D. Corruption in Medieval India
During Khilji rule, corruption prevailed most among the lower officials posted in the revenue department. Khilji realized that they were given low salaries, which was the main reason they engaged in corruption. To prevent it, Khilji increased the officials’ salaries, which proved ineffective. He then began punishing them, which was effective, as it rapidly reduced the level of corruption.
Anti-corruption measures in colonial and pre-independence india
Under British rule, corruption in India took a systematic form, involving almost all officials from top to bottom—whether the Governor at the top or the lowest revenue official at the bottom. British officials tried their best to reduce the level of corruption.
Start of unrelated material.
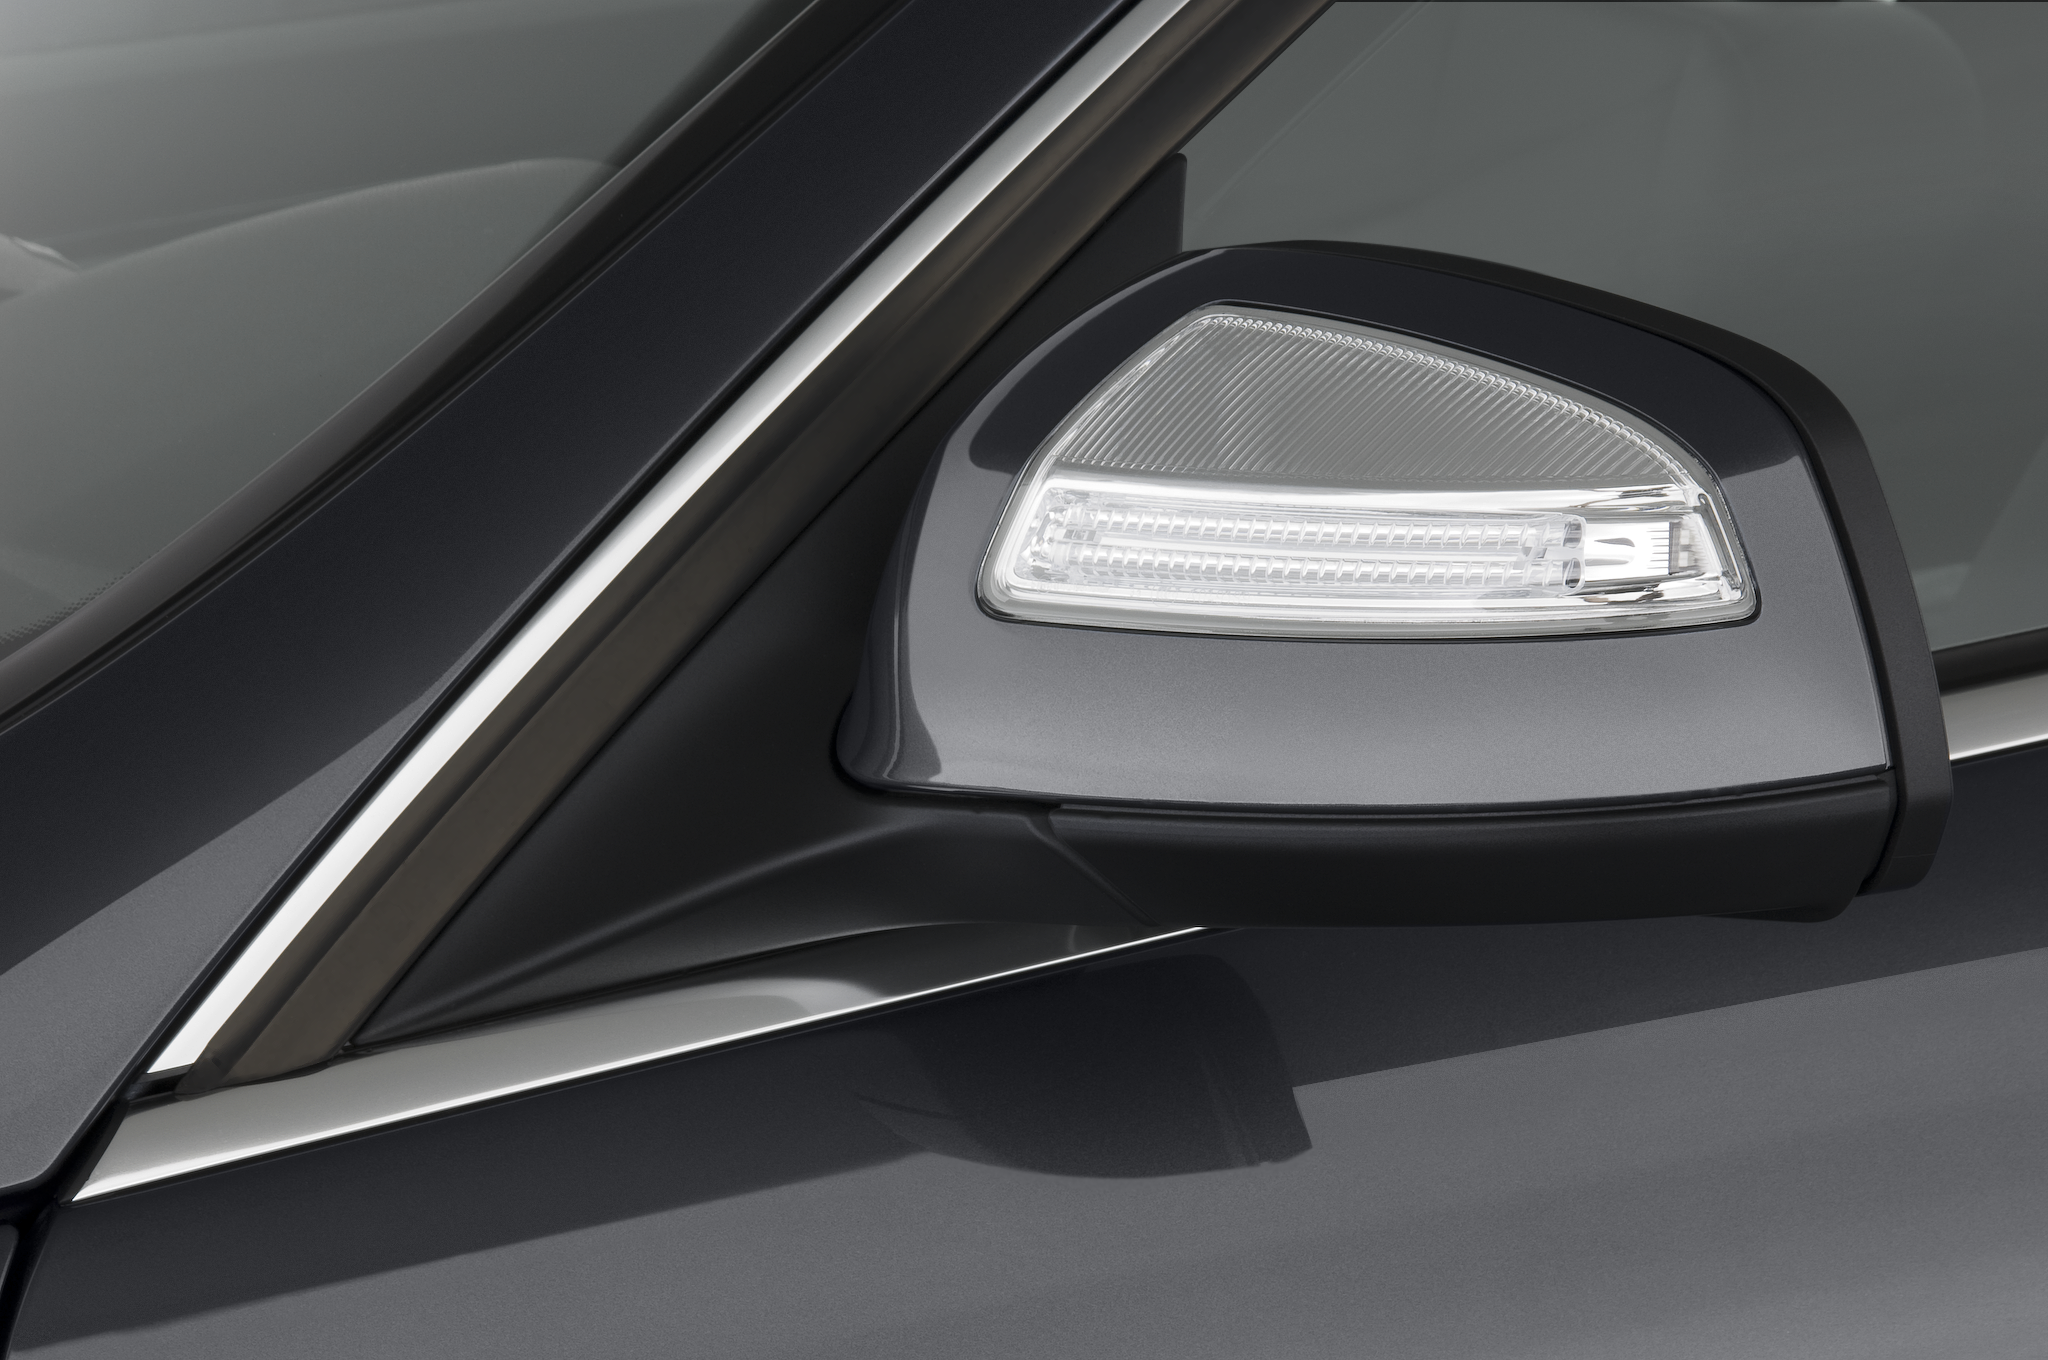 2010 mercedes benz c63 amg automobile magazine for Mercedes benz side mirror price

They introduced the Islington Commission, which laid down the Principle of Public Salaries. According to this principle, “The only safe criterion is that the government should pay so much and so much and so much only to their employees as is necessary to obtain recruits of the right stamp, and to maintain them in such a degree of comfort and dignity as will shield them from temptation, etc.”
A. Relevant Provisions in the Indian Penal Code, 1860
This Code contained anti-corruption provisions from Section 161 to Section 165. These provisions clearly restricted the acceptance of any gift or other form of gratification in exchange for services, other than the lawful remuneration provided to public servants. However, all these provisions—Sections 161 to 165 of the IPC—were repealed by the enactment of the Prevention of Corruption Act, 1988.
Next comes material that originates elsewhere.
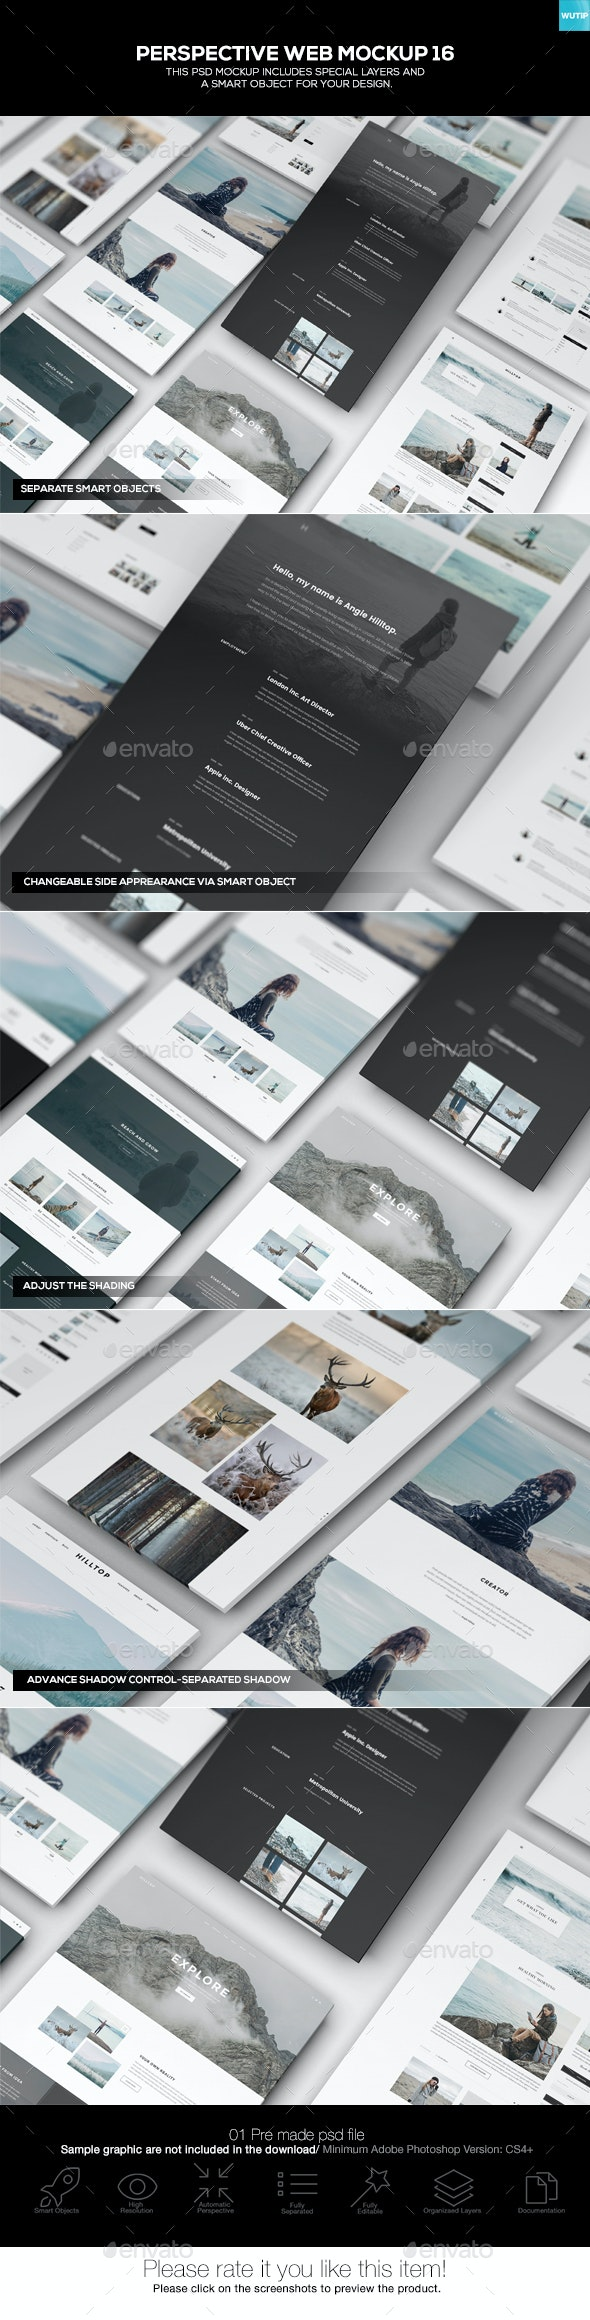 Perspective Web Mockup 16 - Website Displays

B. Introduction of the Criminal Law Amendment Ordinance, 1944
This is probably the earliest law on corruption enacted in India. It dealt with property obtained by a public servant through corrupt practices. It was introduced with the aim of reducing corruption committed by public servants by means of bribery, fraud, and criminal breach of trust, and by the misuse of government funds.[5]
C. Key Pre-Independence Administrative Reports Related to Anti-Corruption Measures
K. Santhanam Committee Report
The committee’s main objective and terms of reference were “to suggest changes in the law which would ensure speedy trial of cases of bribery, corruption and criminal misconduct and make the law otherwise more effective.”[6]
The committee observed that some of the socio-economic offences are dealt with in a special enactment. The committee suggested adding a new chapter in IPC to bring together all the offences mentioned in the enactments so that these offences will find a prominent place in the general criminal law of the nation, and for this, they may form a special legal committee or refer this to the Law Commission.[7]
Legal framework for the prevention of corruption in india: the pc act, 1988 and the pmla, 2002
A. The Prevention of Corruption Act, 1988: The Foundation Pillar
This Act can be considered the Gita or the Bible for a public servant, or for a person who deals with public servants. It was enacted to curb the bribery and corruption prevalent among public servants and to create a clean society free from corruption. This Act amends the Prevention of Corruption Act, 1947 and consolidates all the laws dealing particularly with corruption and related matters, which were previously scattered.
This Act of 1988 incorporates all the provisions of the Prevention of Corruption Act, 1947, the Criminal Law Amendment Act, 1952, and Sections 161 to 165 of the Indian Penal Code. It also contains provisions for effectively combating corruption among public servants.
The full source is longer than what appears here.